# Question on largemouth with bluegill mount??



## Chad2130 (Feb 1, 2013)

This is my first post so hello everyone glad to join!! 

I have a question on a mount that im thinking about. I just want anyones opinions please.

I caught a 7 1/2 pound 23 1/2 inch largemouth last year and i still have it preserved in my freezer. I also caught a 11 1/2 inch blue gill about 3 years ago. Just have pics and measurements for replica. Not sure what the gill weighed, close to a pound.

What does everyone think about me mounting the bass with its mouth open chasing the blue gill? 

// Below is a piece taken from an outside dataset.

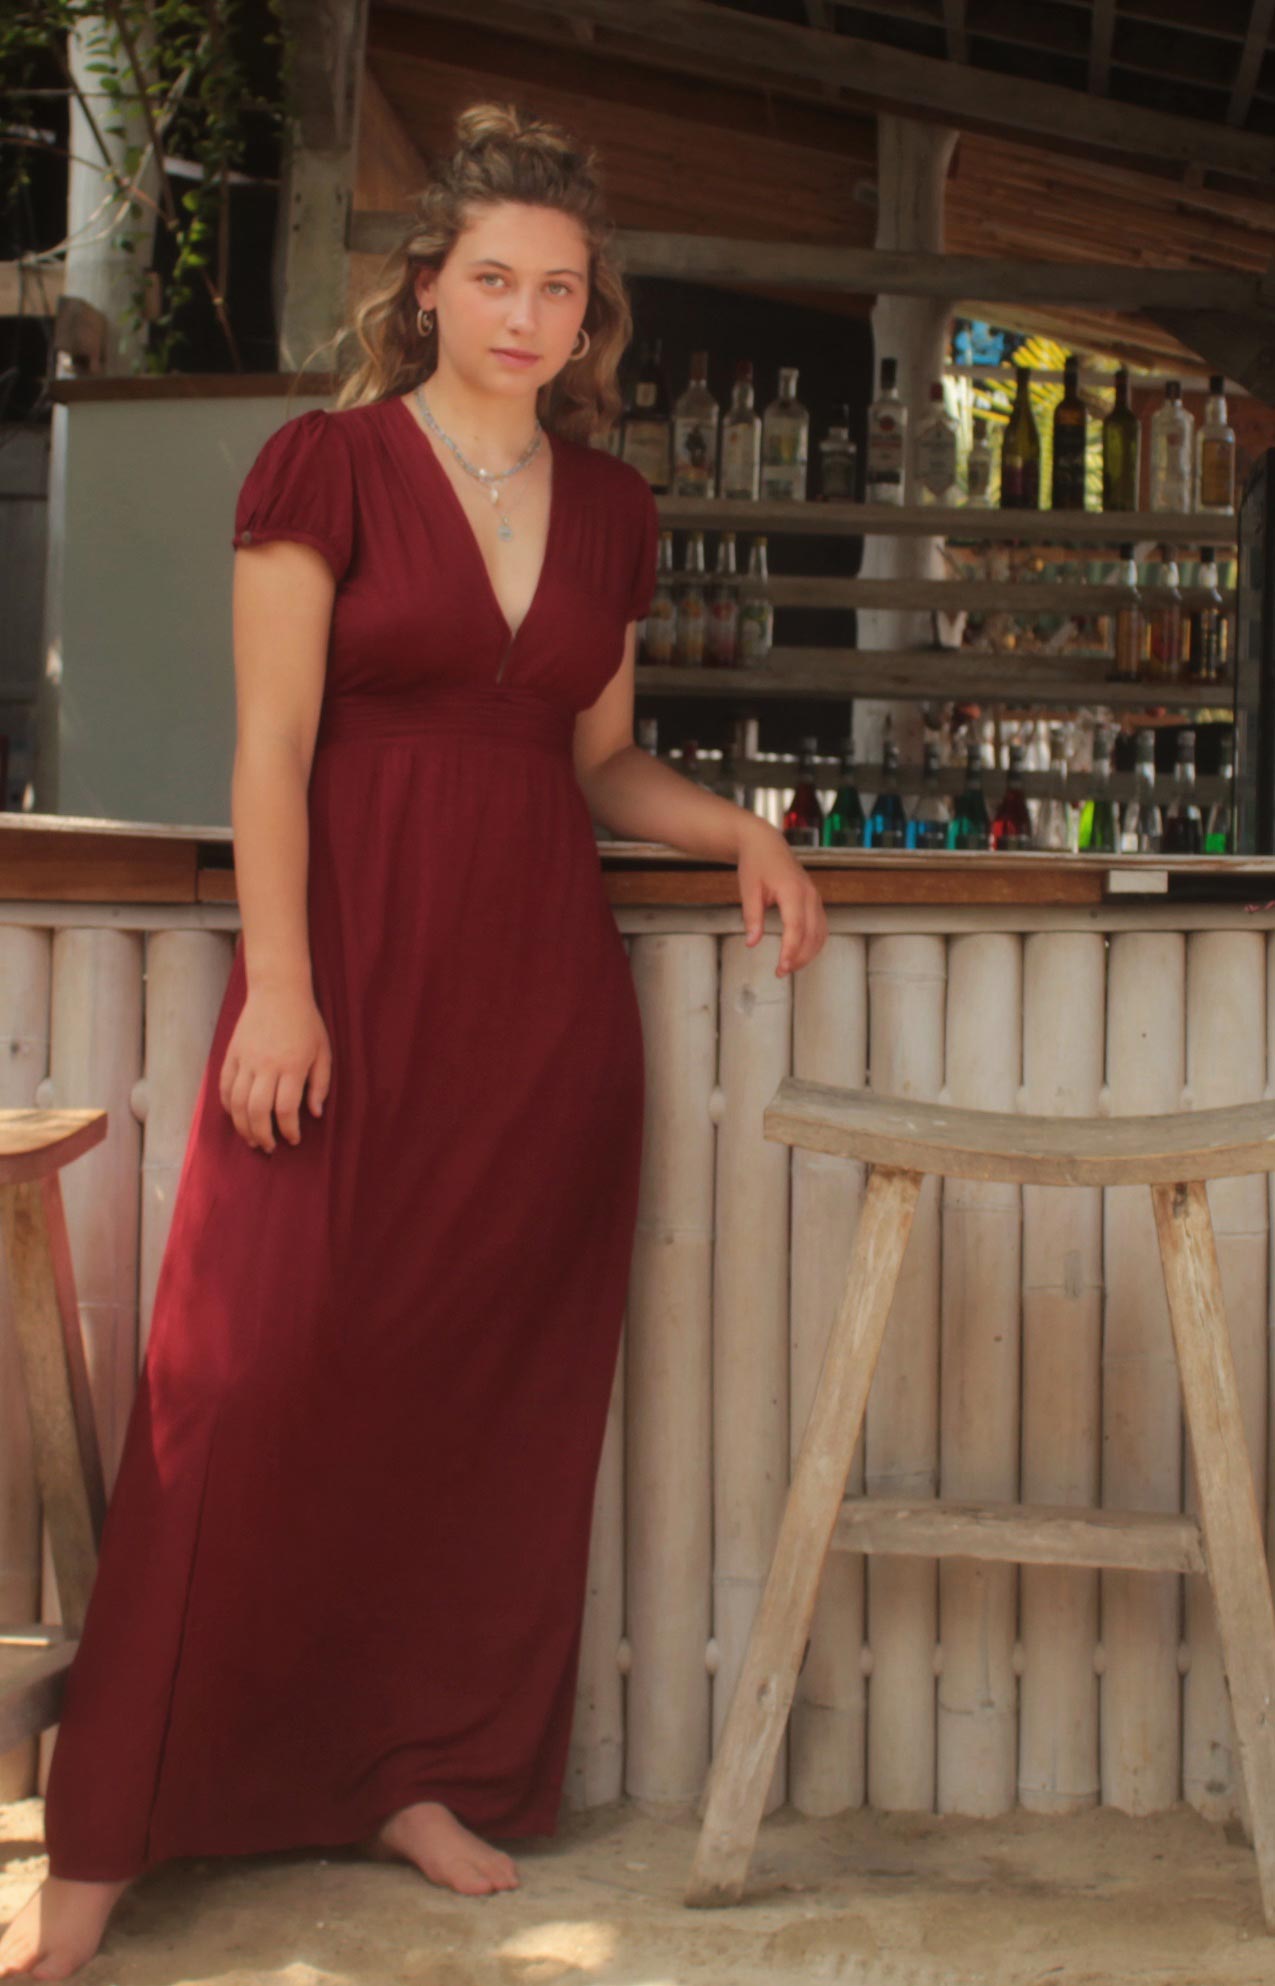 Elegant-Gown-long-red-maxi-dress-evening-prom-bridesmaid-wedding-guest-dress

I dont know if itd look unproportional since the blue gill is about half the length of the bass. The bass's mouth is huge, still not big enough to fit the gill though. 

I know predator fish will try to eat fish that are to big for them to swallow sometimes but is this to much to look right??

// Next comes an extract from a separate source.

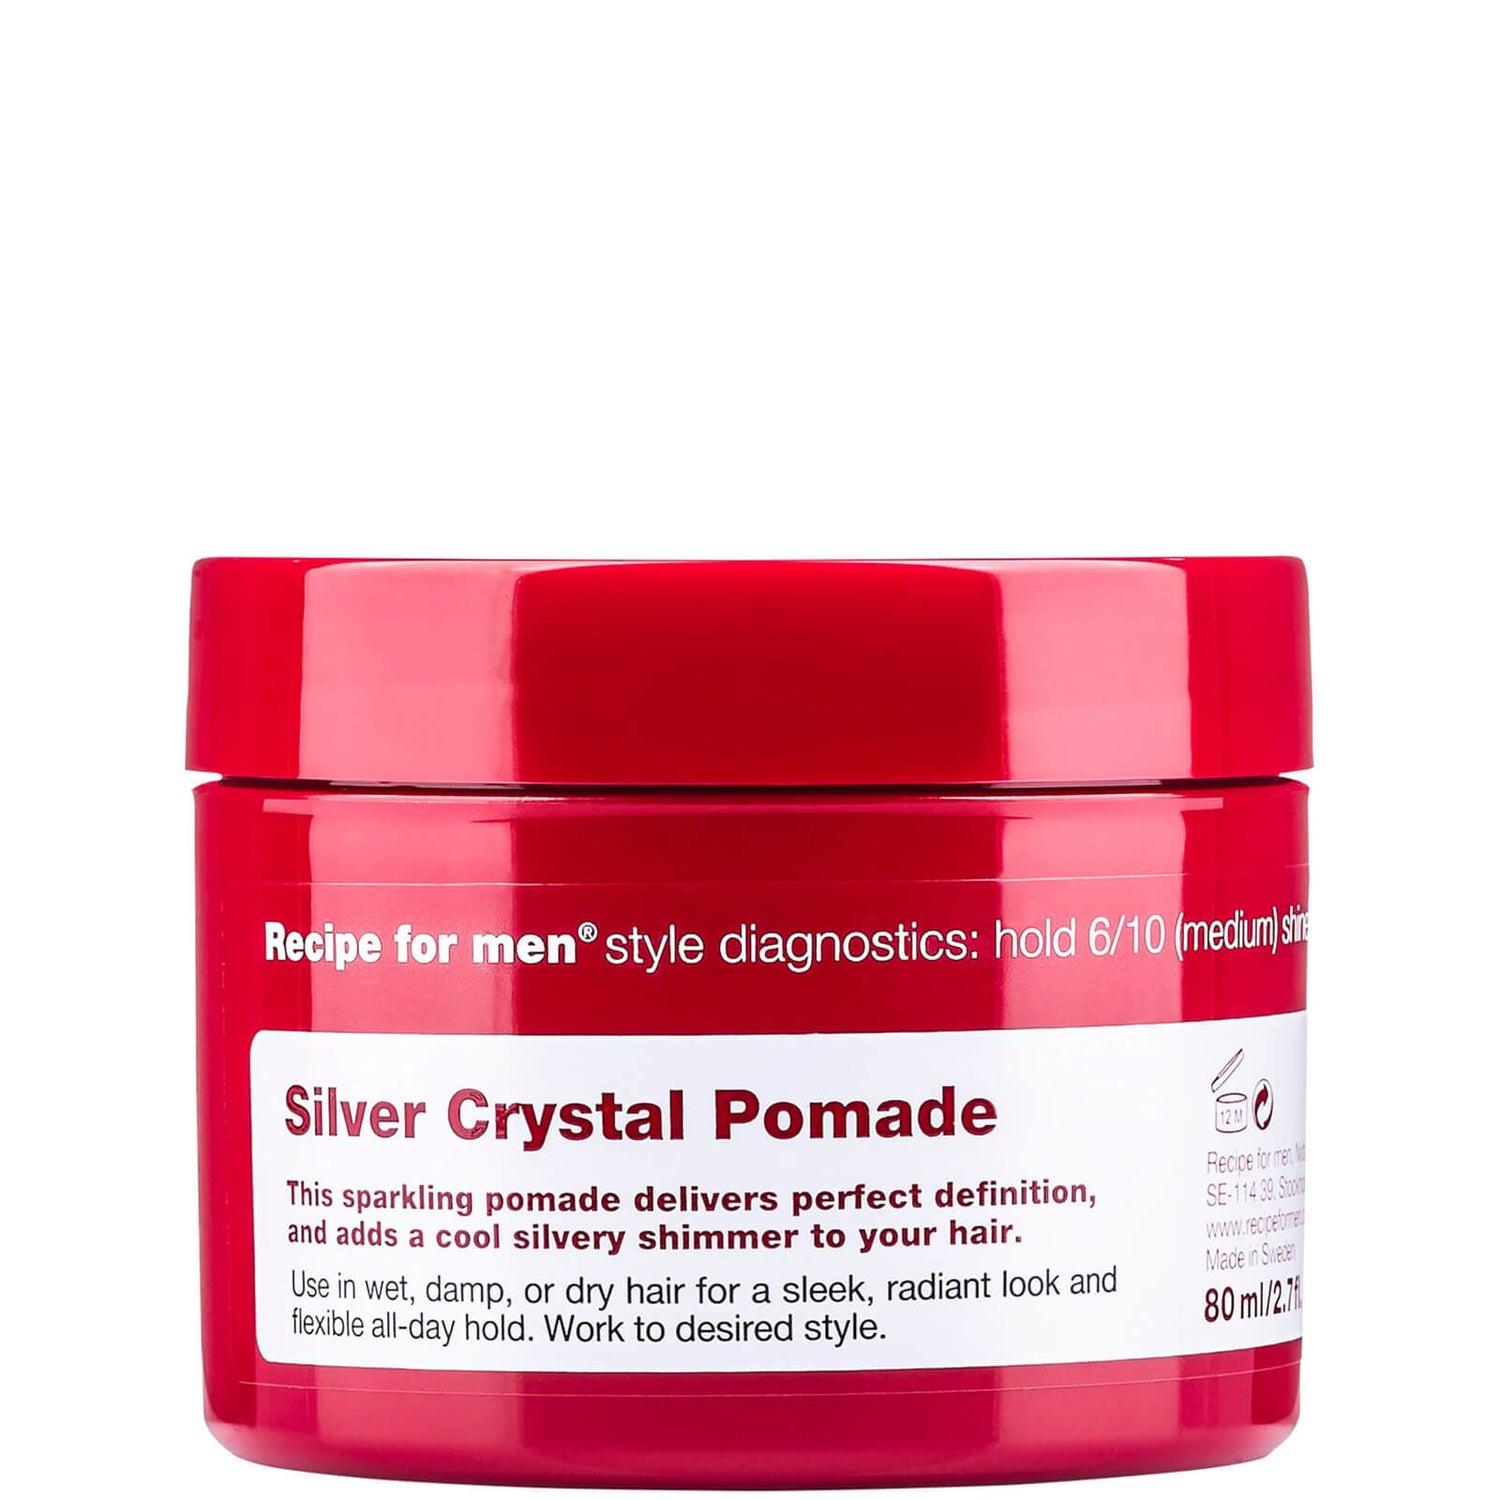 Pomada Silver Crystal de Recipe for Men 80 ml

I want honest opinions if im about to spend over 500$ so dont be scared to say itd look stupid lol.Thanks to anyone who will share opinions


----------



## lastflighttaxidermy (Jul 12, 2010)

I think it would look a little funny but thats me. That being said maybe do a scene with the bass and gill and not the fish eating fish pose. Just a thought.

posted using Outdoor Hub Campfire


----------



## Big Frank 25 (Feb 21, 2002)

How about that gill chasing the bass off it's spawning bed?


----------



## DFJISH (Mar 30, 2009)

IMO displaying TWO extremely large fish like that _together_ would diminish the size impact of both of them. The two fish you described should definitely NOT be mounted together. Just my opinion of course. Those are two_ exceptionally_ large fish for Michigan. Congrats!


----------



## Mitchell Ulrich (Sep 10, 2007)

Mount then sepreately.


----------



## Tiarafied (Nov 12, 2012)

Another factor- I don't care how good the taxi is, no reproduction is as good as a skin mount. Putting the 2 together would be a mistake. 


Posted using Outdoor Hub Campfire


----------